## Exercise:
Set down the whole listing below exactly, without pictures.

## Data:
Segment Open
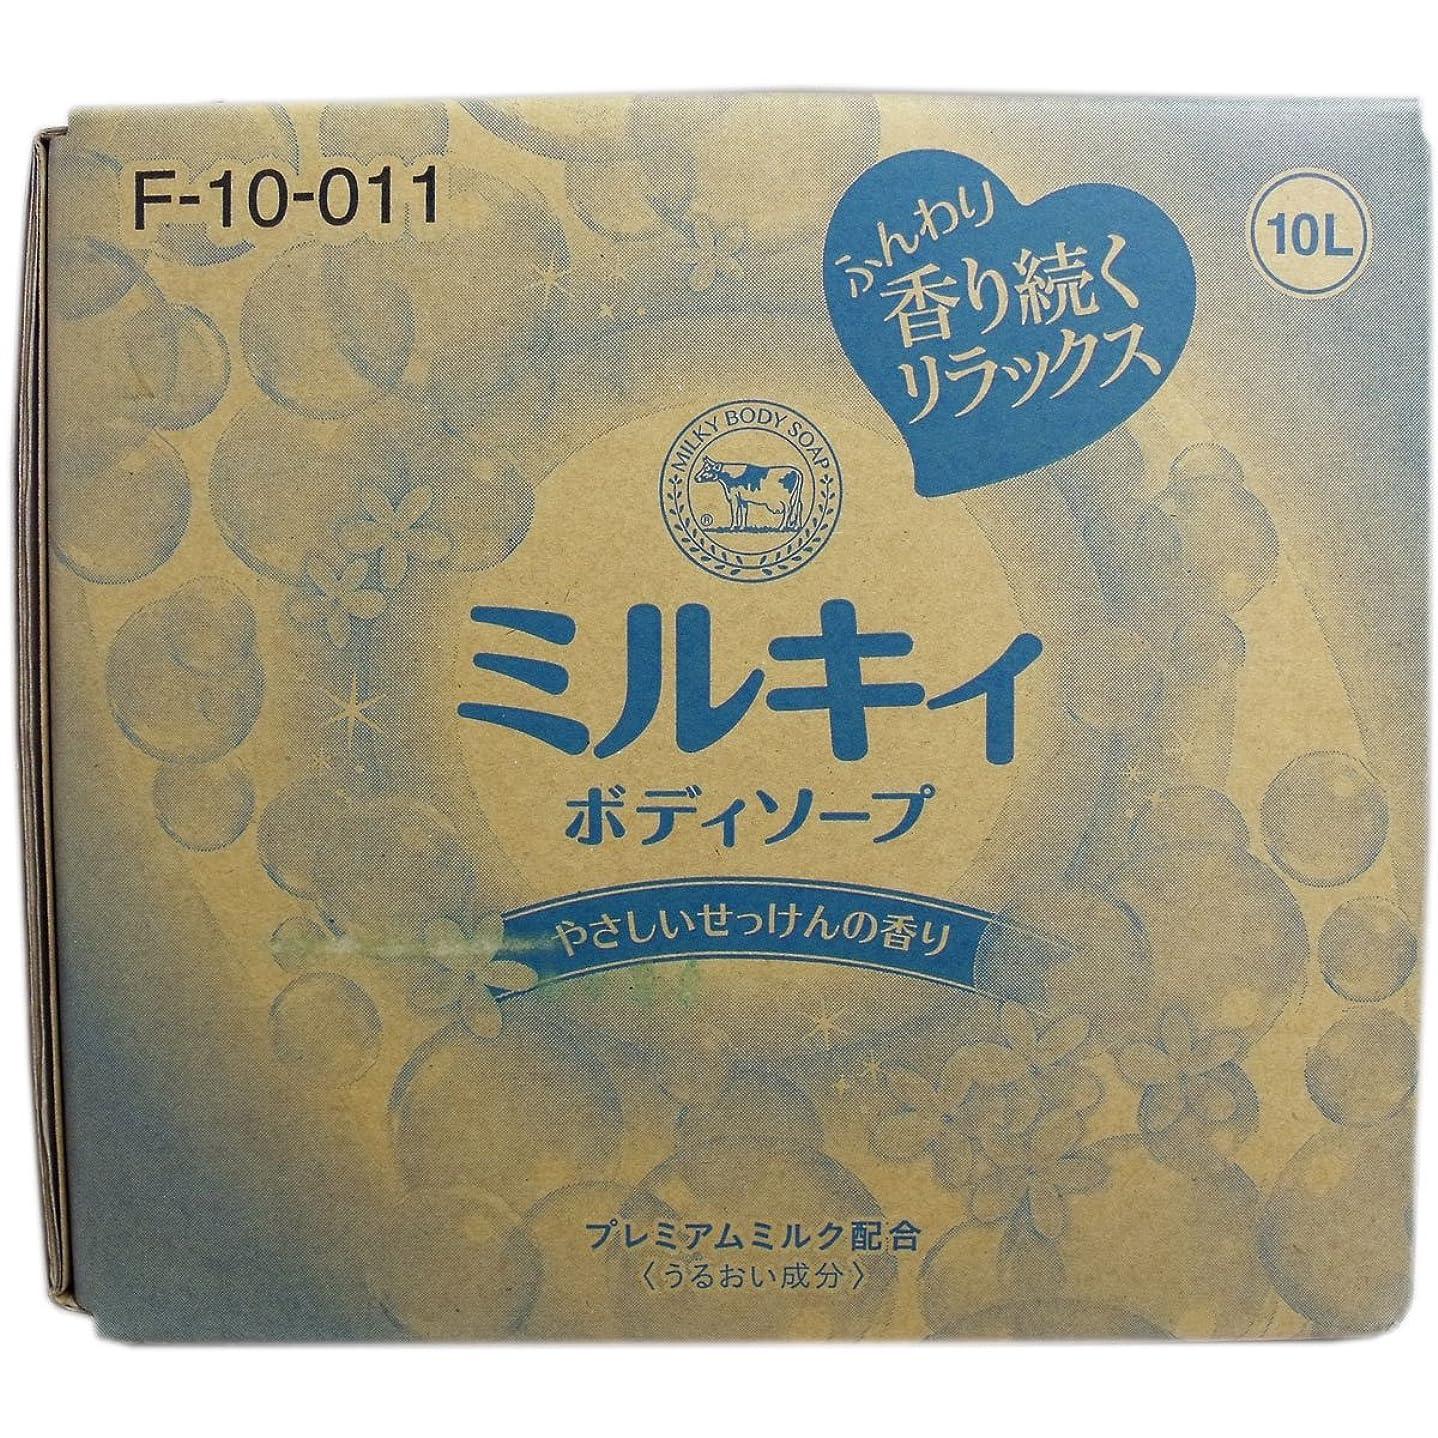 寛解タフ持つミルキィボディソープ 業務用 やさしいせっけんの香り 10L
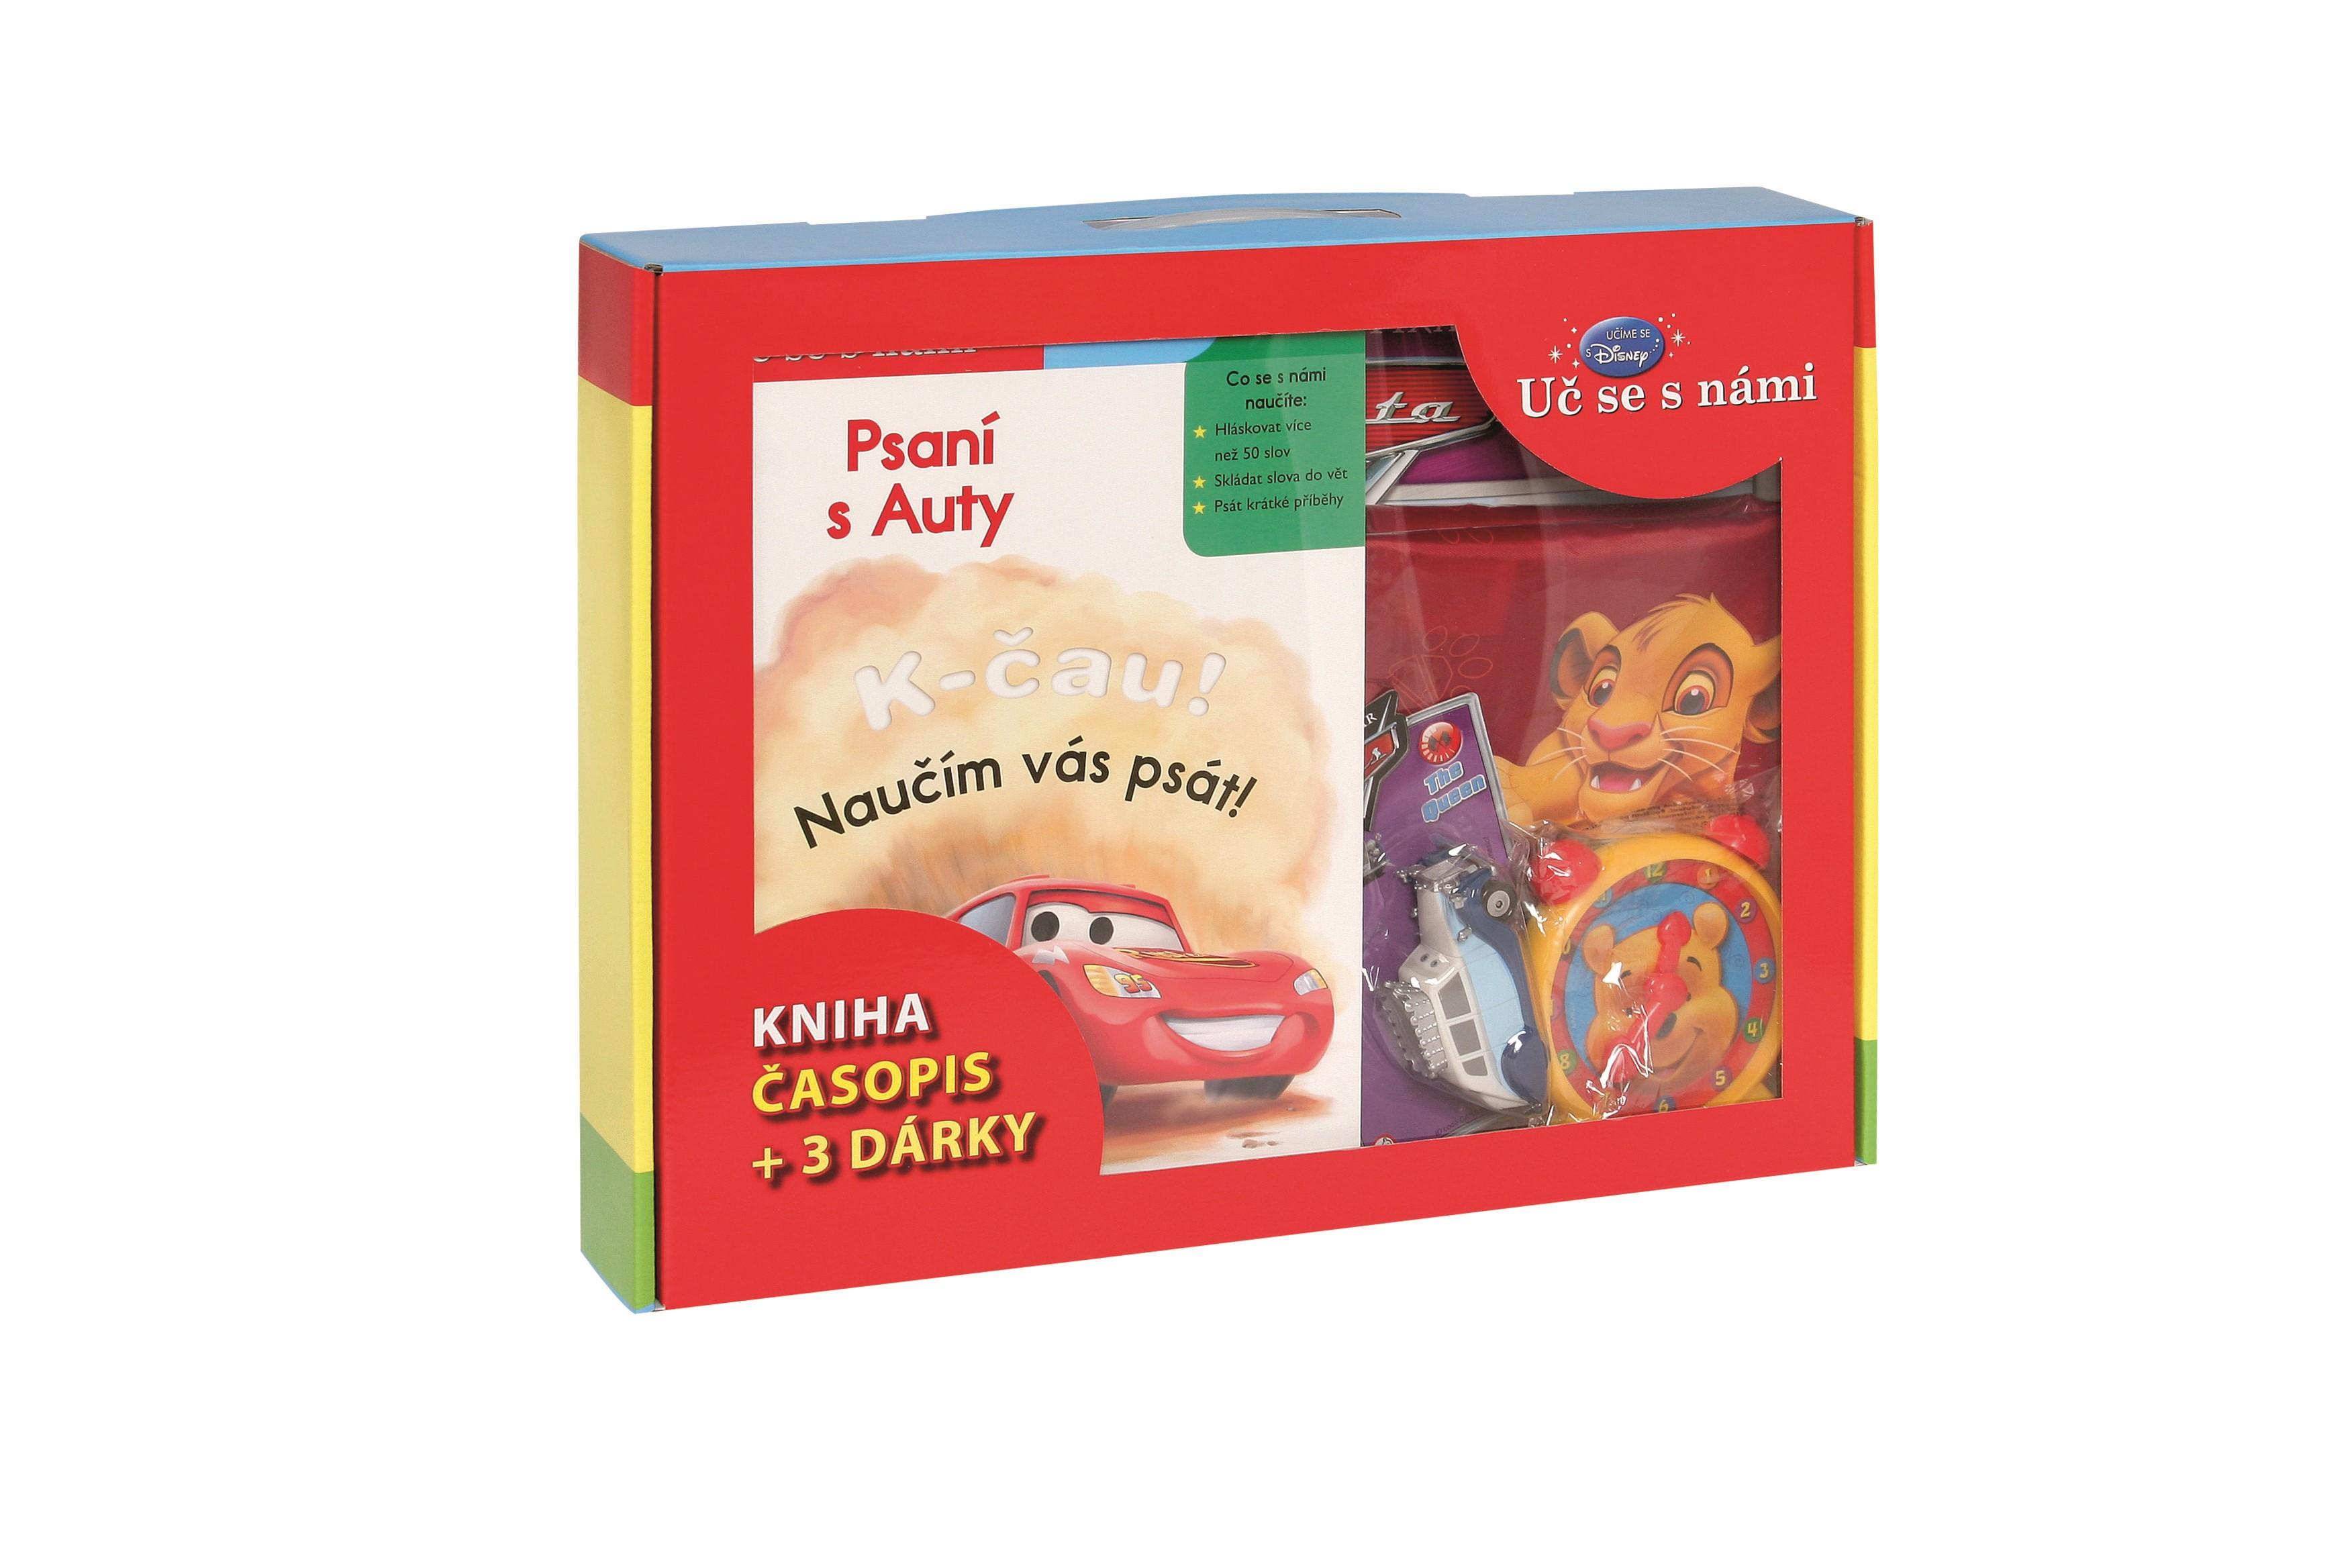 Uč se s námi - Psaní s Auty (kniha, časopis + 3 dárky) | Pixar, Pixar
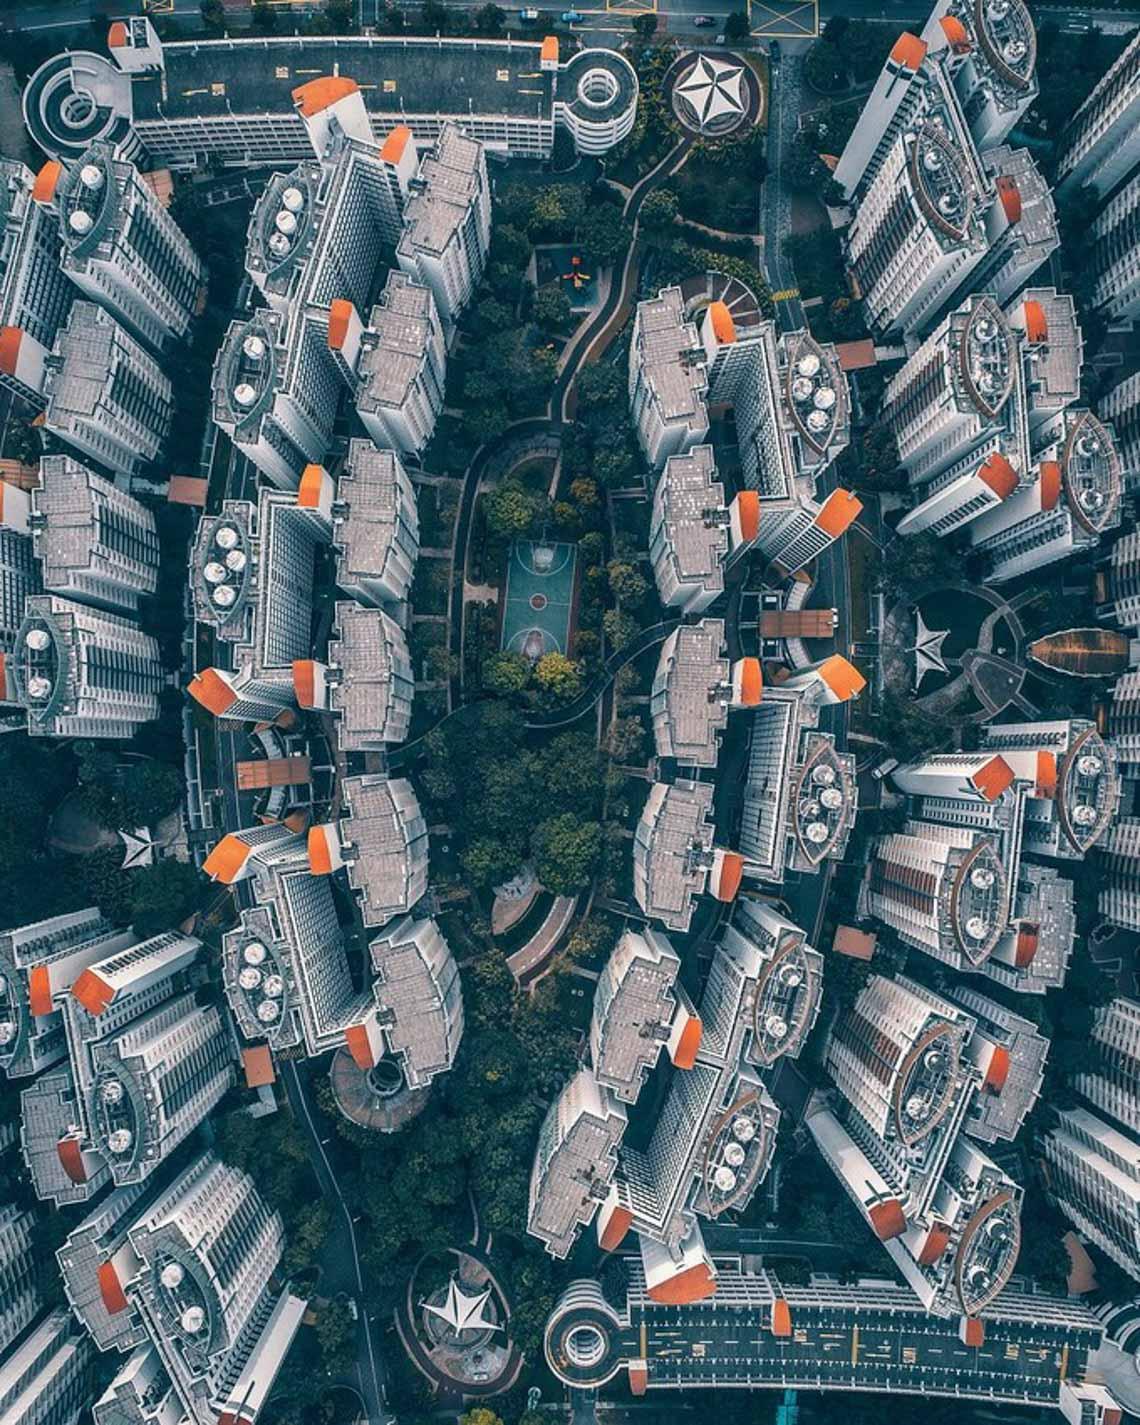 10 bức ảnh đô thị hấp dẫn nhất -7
Segment Closed
## Worked solution:
 寛解タフ持つミルキィボディソープ 業務用 やさしいせっけんの香り 10L
 Uč se s námi - Psaní s Auty (kniha, časopis + 3 dárky) | Pixar, Pixar
 10 bức ảnh đô thị hấp dẫn nhất -7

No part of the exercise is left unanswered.